A podium (: podiums or podia) is a platform used to raise something to a short distance above its surroundings. In architecture a building can rest on a large podium. Podiums can also be used to raise people, for instance the conductor of an orchestra stands on a podium as do many public speakers. Common parlance has shown an increasing use of podium in North American English to describe a lectern.
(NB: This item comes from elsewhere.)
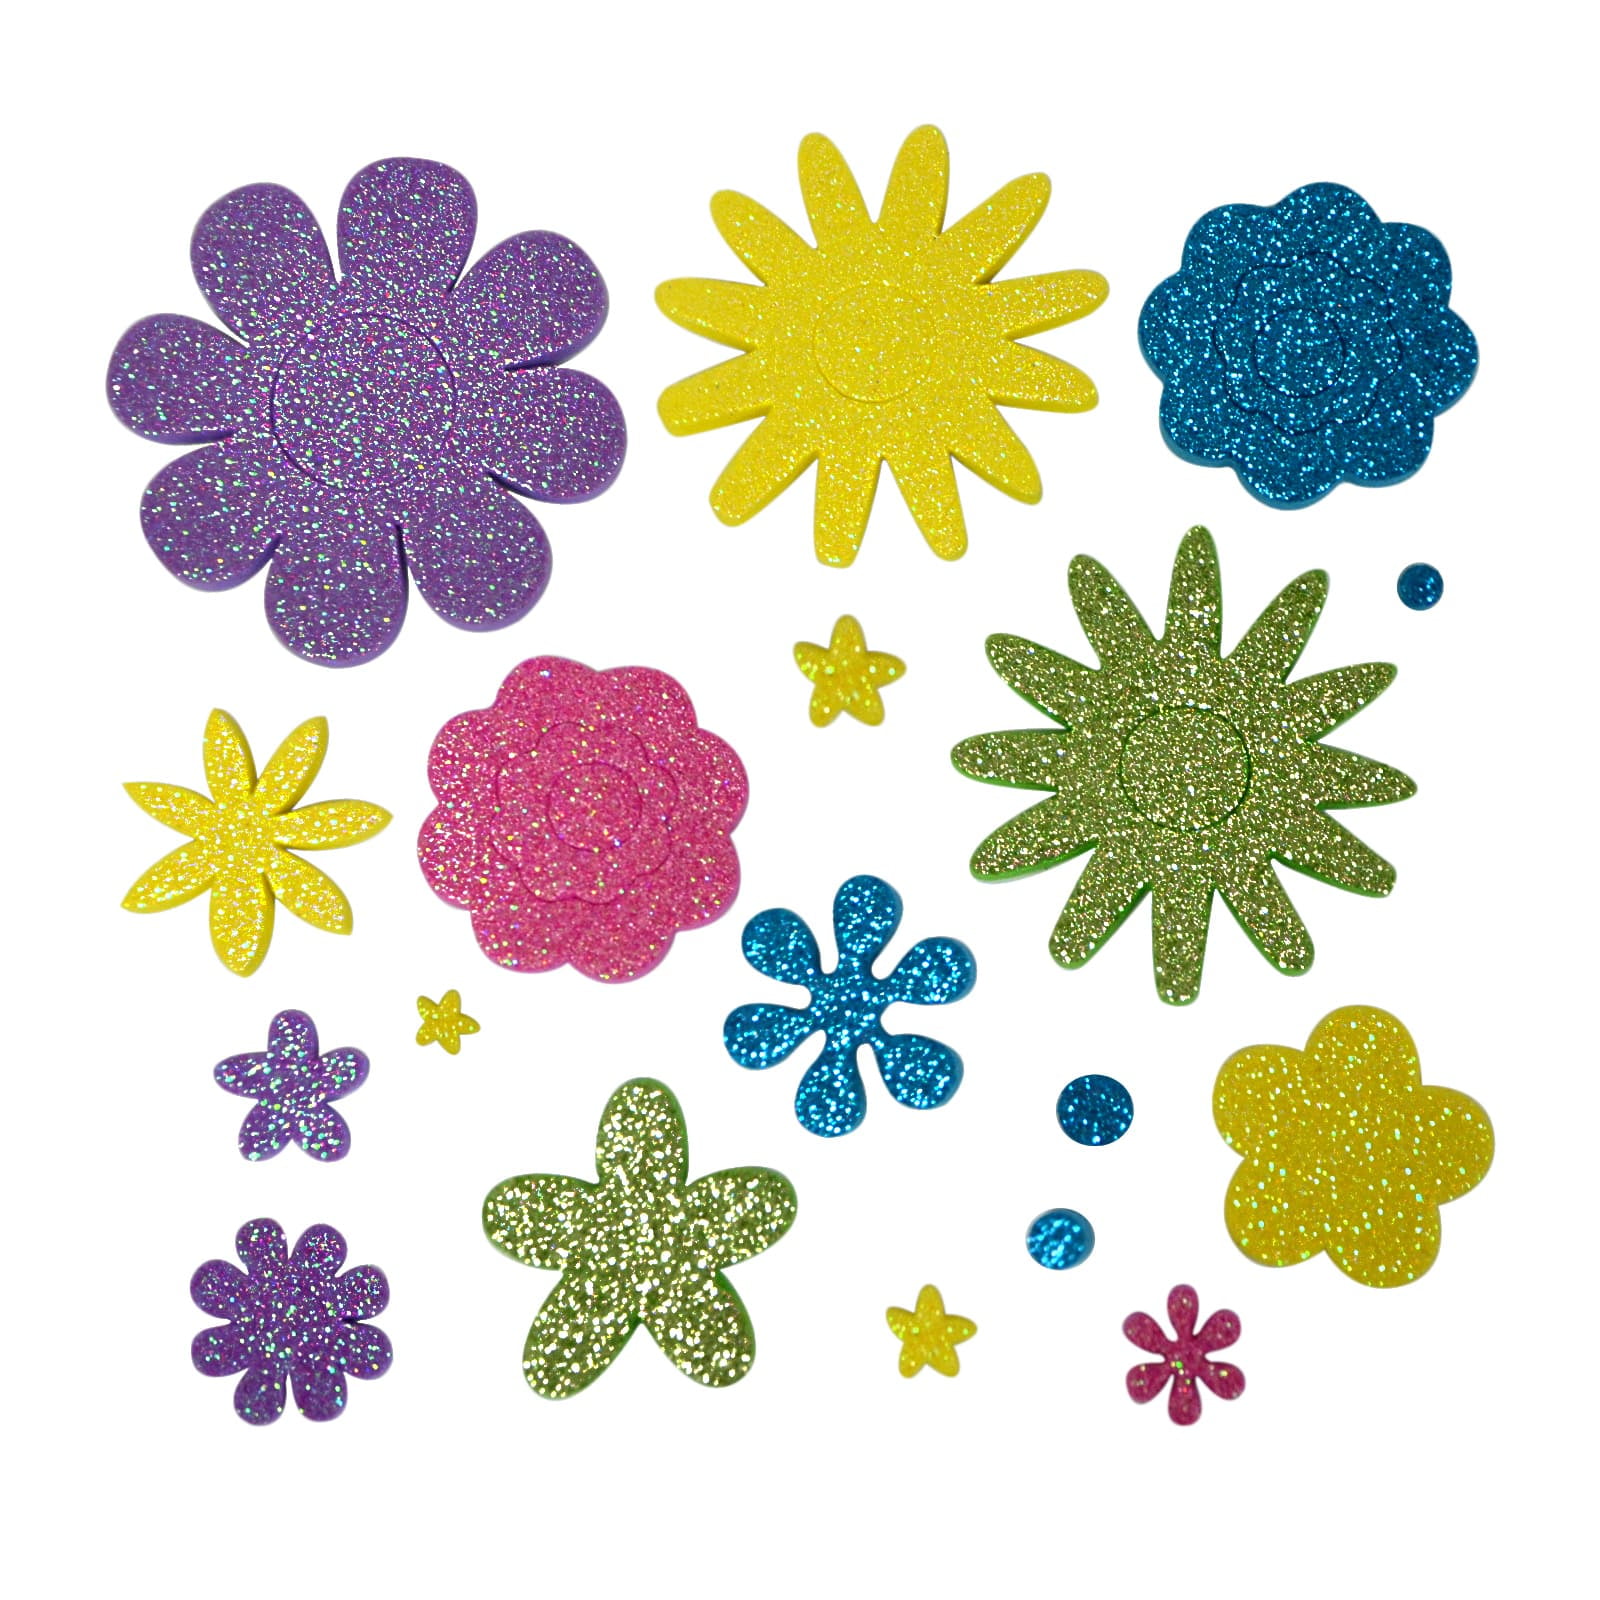 Incraftables Glitter Foam Stickers for Kids Self Adhesive 100pcs Assorted  Flower Heart Star Glitter Butterfly Sparkly for Arts Crafts Adults

In sports, a type of podium can be used to honor the top three competitors in events. In the modern Olympics a tri-level podium is used. Traditionally, the highest platform is in the center for the gold medalist. To their right is a lower platform for the silver medalist, and to the left of the gold medalist is a lower platform for the bronze medalist. At the 2016 Rio Summer Olympics, the Silver and Bronze podium places were of equal elevation. In many sports, results in the top three of a competition are often referred to as podiums or podium finishes. In some individual sports, podiums is an official statistic, referring to the number of top three results an athlete has achieved over the course of a season or career. The word may also be used, chiefly in the United States, as a verb, "to podium", meaning to attain a podium place.

==Etymology==

The word podium derives from Latin, which in turn borrowed it from Ancient Greek πόδιον (podion), a word derived from πούς (pous, "foot", with a stem pod-).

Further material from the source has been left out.